Ein Hauptaugenmerk bei der Entwicklung des Bikes war für Scott der Leichtbau – ein Gebiet, in dem die Schweizer bereits seit langem als sehr kompetent gelten. Außerdem ist, anders als im XC-Bereich, in dem es vor allem um effizienten Vortrieb geht, ein extrem steifer Downhill-Rahmen nur bedingt erstrebenswert. Um die perfekte Balance zwischen Gewicht und Steifigkeit zu finden, hat Scott bereits bei der Entwicklung des Genius eigene Testanlagen entwickelt. Auch das Gambler wurde in insgesamt vier sehr unterschiedlich steifen Evolutions-Stufen darauf getestet: Altes Rad, altes Rad mit Carbon-Hinterbau, der massive Horst-Link-Prototyp aus 2018 sowie das aktuelle Carbon-Rad. Die Testergebnisse hat man anschließend mit dem Feedback der hauseigenen World Cup-Profis verglichen und validiert.

# Weg mit dem verschachtelten abgestützen Eingelenker, her mit einem regulären Viergelenker - das neue Design gliedert sich optisch perfekt in die bestehende Scott-Produktpalette mit Ransom, Genius, Spark und Co. ein.
# Scott hat bei der Entwicklung einen besonderen Fokus auf das Gewicht gelegt - der neue Carbon-Rahmen ist im starken Unterschied zu den Vorgängern besonders leicht.
# Auch mit 29"-Laufrädern lässt sich das kurze 445 mm Kettenstreben-Setting nutzen - die Reifenfreiheit ist dennoch ausreichend.
# Der Steuerrohr-Bereich ist wie von Scott gewohnt recht schlicht und aufgeräumt.

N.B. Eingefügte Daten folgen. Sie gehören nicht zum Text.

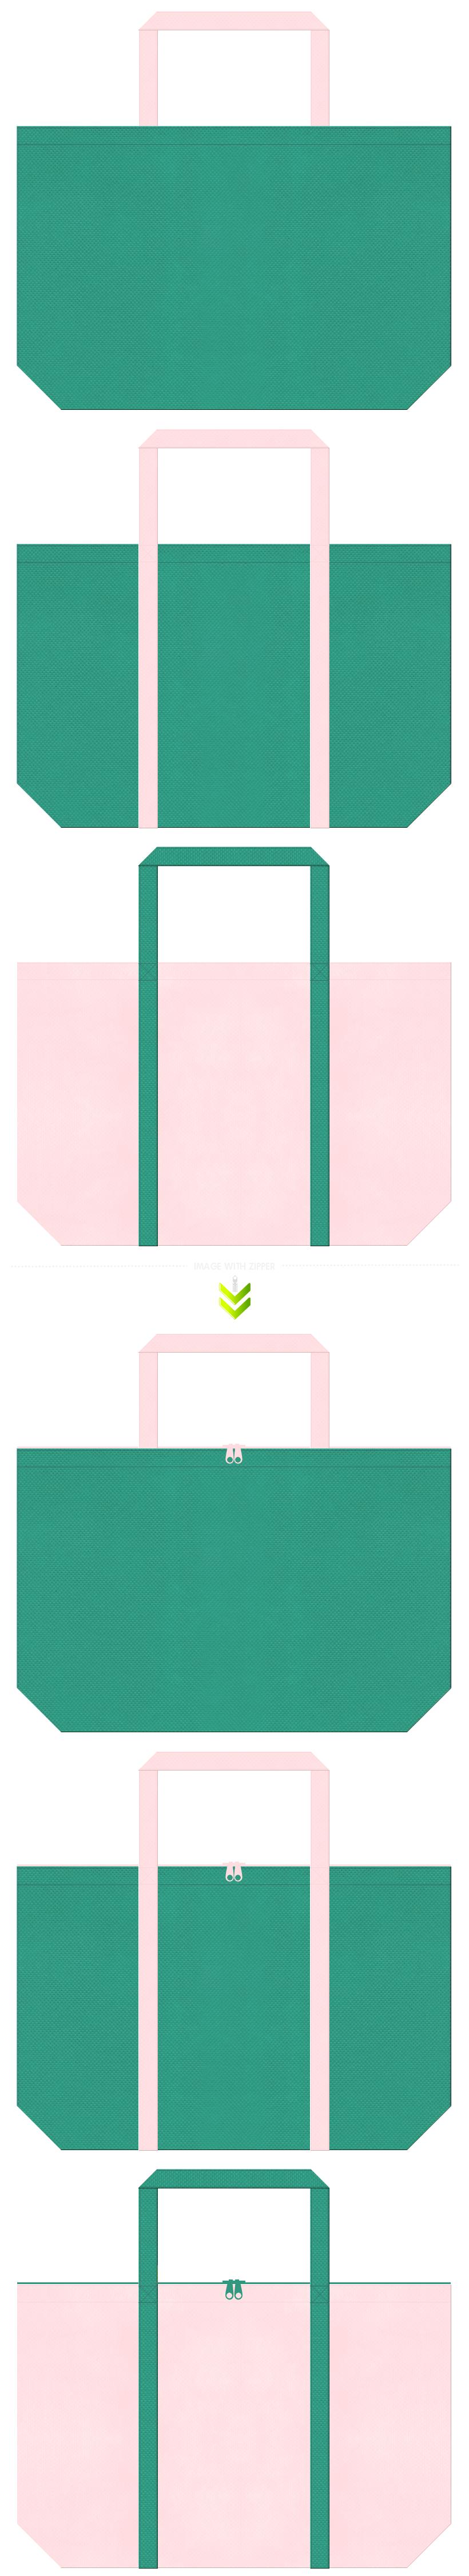 掃除、洗濯等のクリーンなイメージのバッグノベルティにお奨めのコーデ。青緑色と桜色の不織布エコバッグデザイン。

Herausgekommen ist ein mit 2.650 g (Angabe von Scott) sehr leichter Vollcarbon-Rahmen. Um die gesteckten Ziele zu erreichen wurden aber auch keine Kompromisse eingegangen. So verzichtet man auf den ISCG-Standard und verbaut stattdessen eine eigene nur 113 g schwere Kettenführung. Grund dafür ist allerdings vor allem, dass der ISCG-Standard den Entwickler zufolge veraltet ist und zu viel Platz wegnimmt. Ohne ISCG können die Kettenstreben breiter und steifer werden und dennoch ausreichen Reifenfreiheit bieten. Dadurch kann man selbst im kurzen Kettenstreben-Setting ein 29″-Hinterrad mit voluminösen 2,5″ breiten Reifen problemlos fahren.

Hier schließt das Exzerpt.